*GIVEN DATA*:
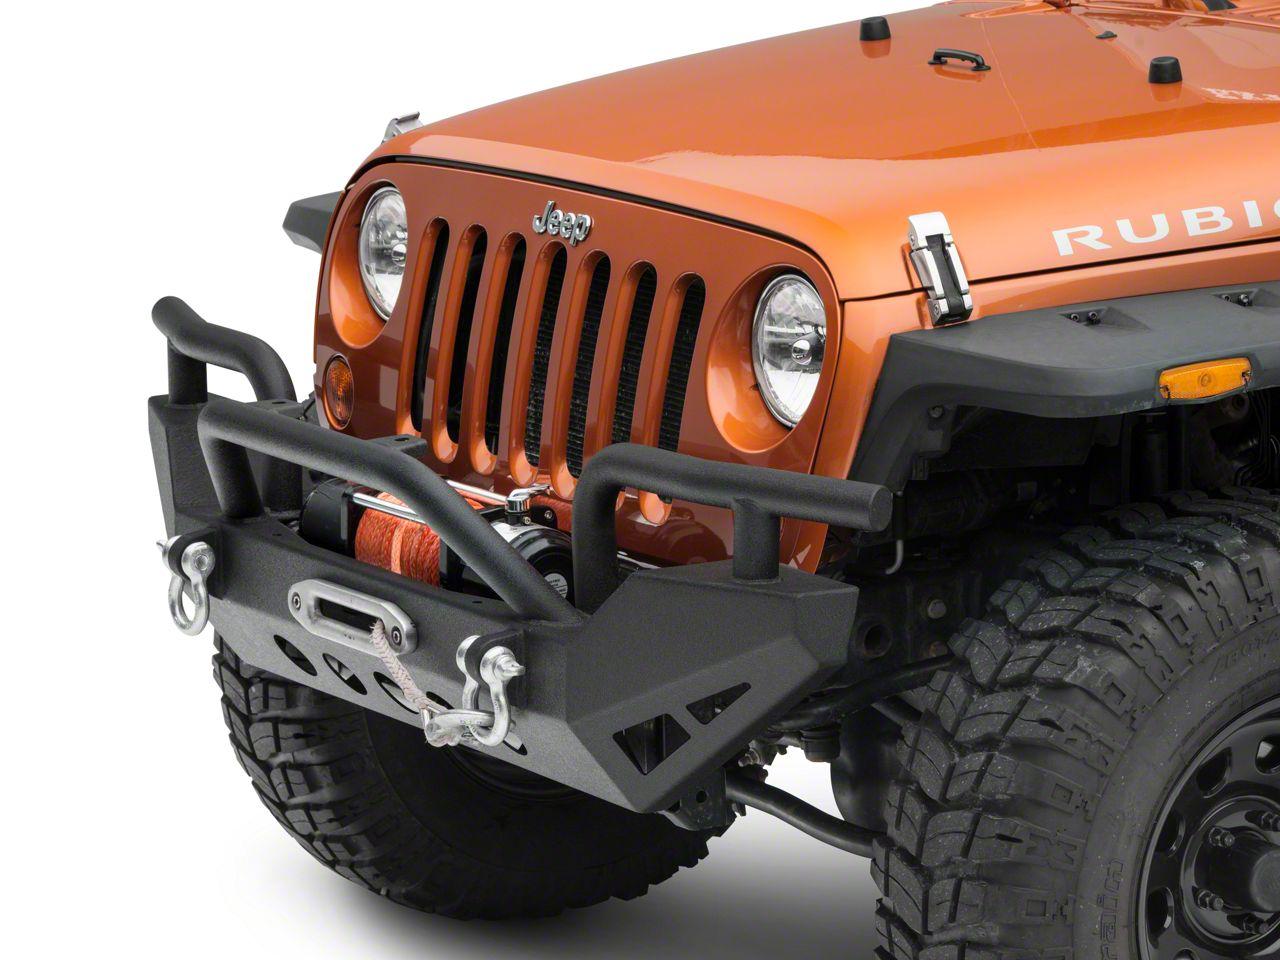 RedRock 4x4 Rock Crawler Full Width Front Bumper w/ Winch Mount (07-18 Jeep Wrangler JK)
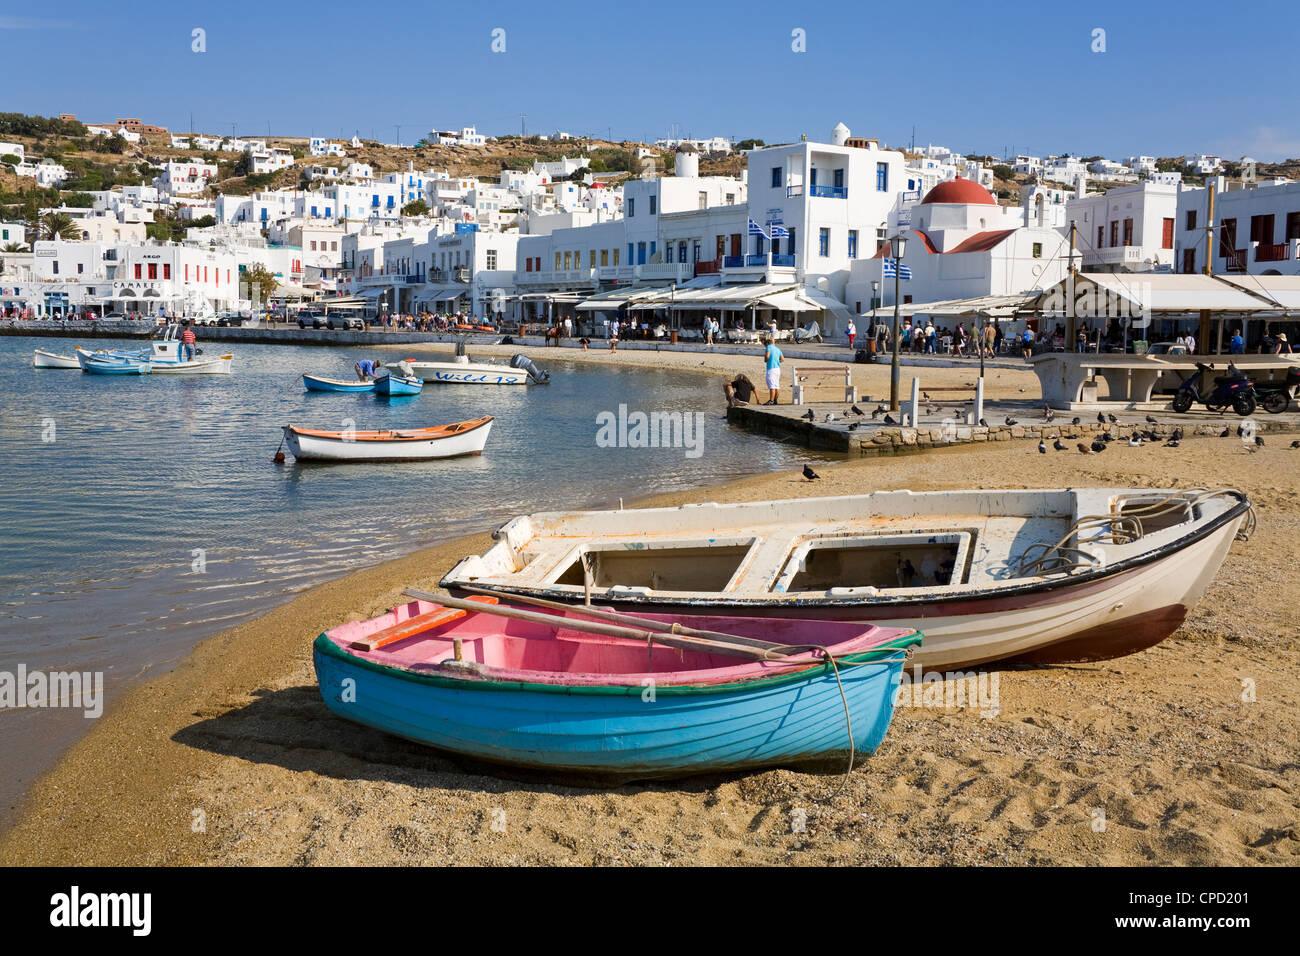 Fishing boats in Mykonos Town, Island of Mykonos, Cyclades, Greek Islands, Greece, Europe - Stock Image
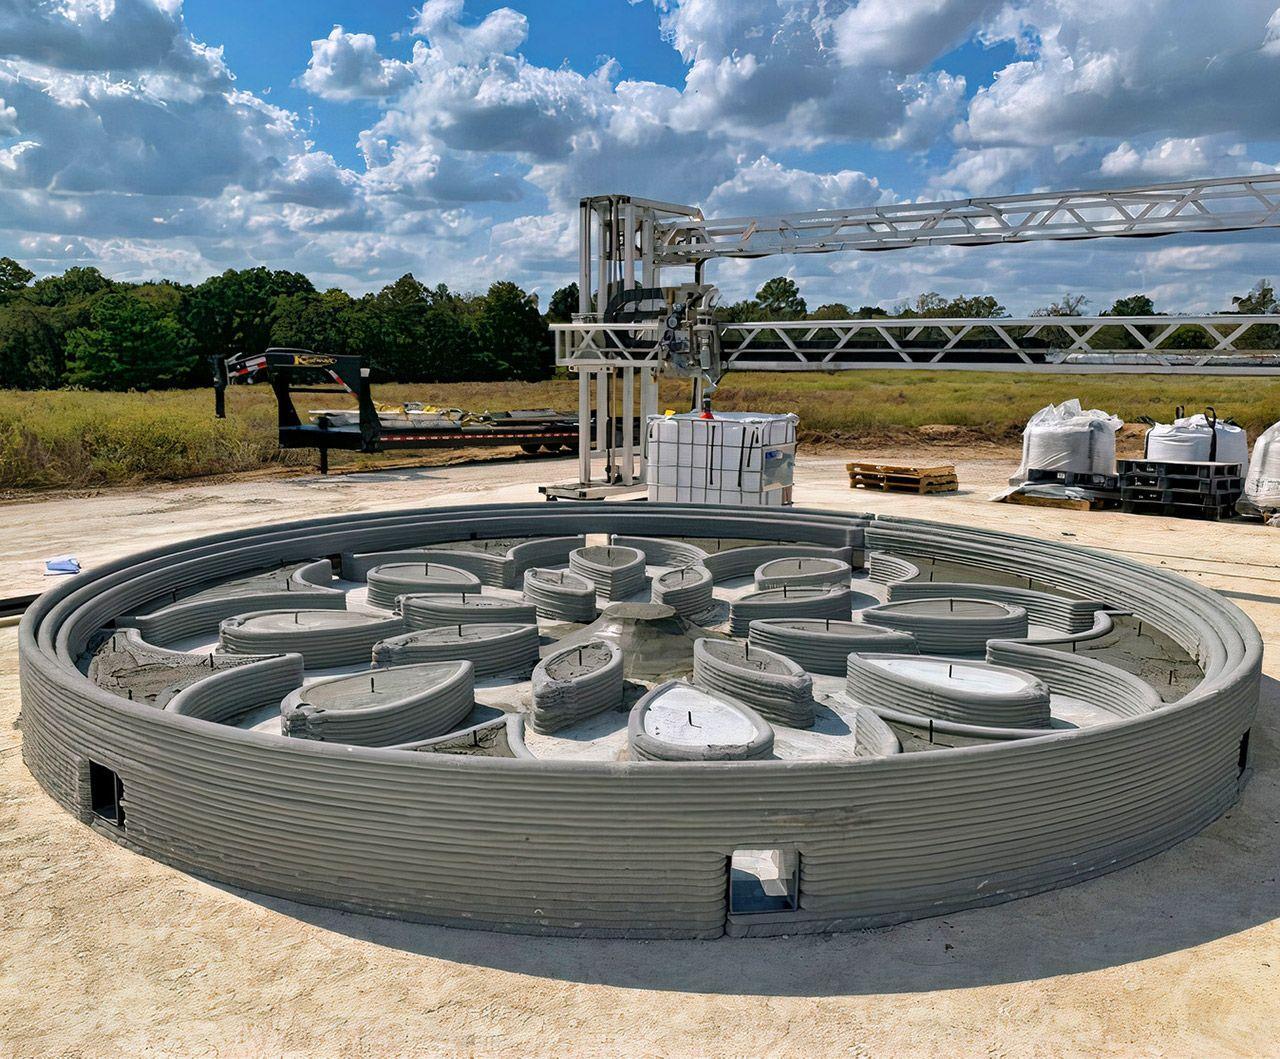 Компания ICON с помощью 3D-принтера создала первую в мире ракетную площадку для лунных миссий NASA
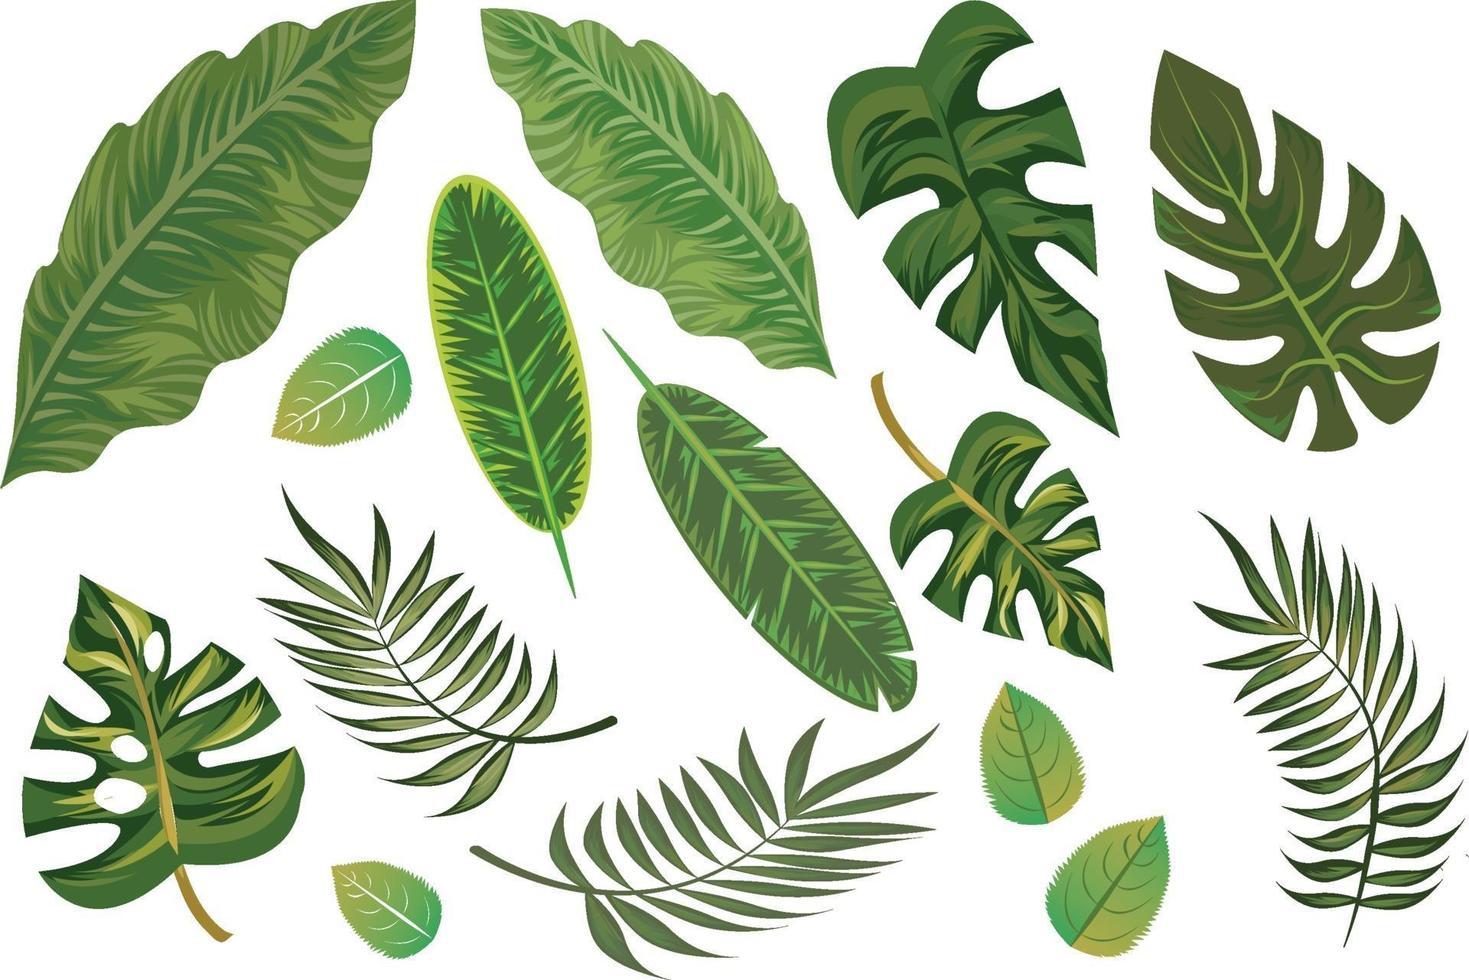 elementi tropicali disegnati a mano isolati dei fogli vettore

*REQUIRED ACTION*: An exact copy of the listing above is to be set down, with no pictures in it.

*WRITTEN SOLUTION*:
 RedRock 4x4 Rock Crawler Full Width Front Bumper w/ Winch Mount (07-18 Jeep Wrangler JK)
 Fishing boats in Mykonos Town, Island of Mykonos, Cyclades, Greek Islands, Greece, Europe - Stock Image
 Компания ICON с помощью 3D-принтера создала первую в мире ракетную площадку для лунных миссий NASA
 elementi tropicali disegnati a mano isolati dei fogli vettore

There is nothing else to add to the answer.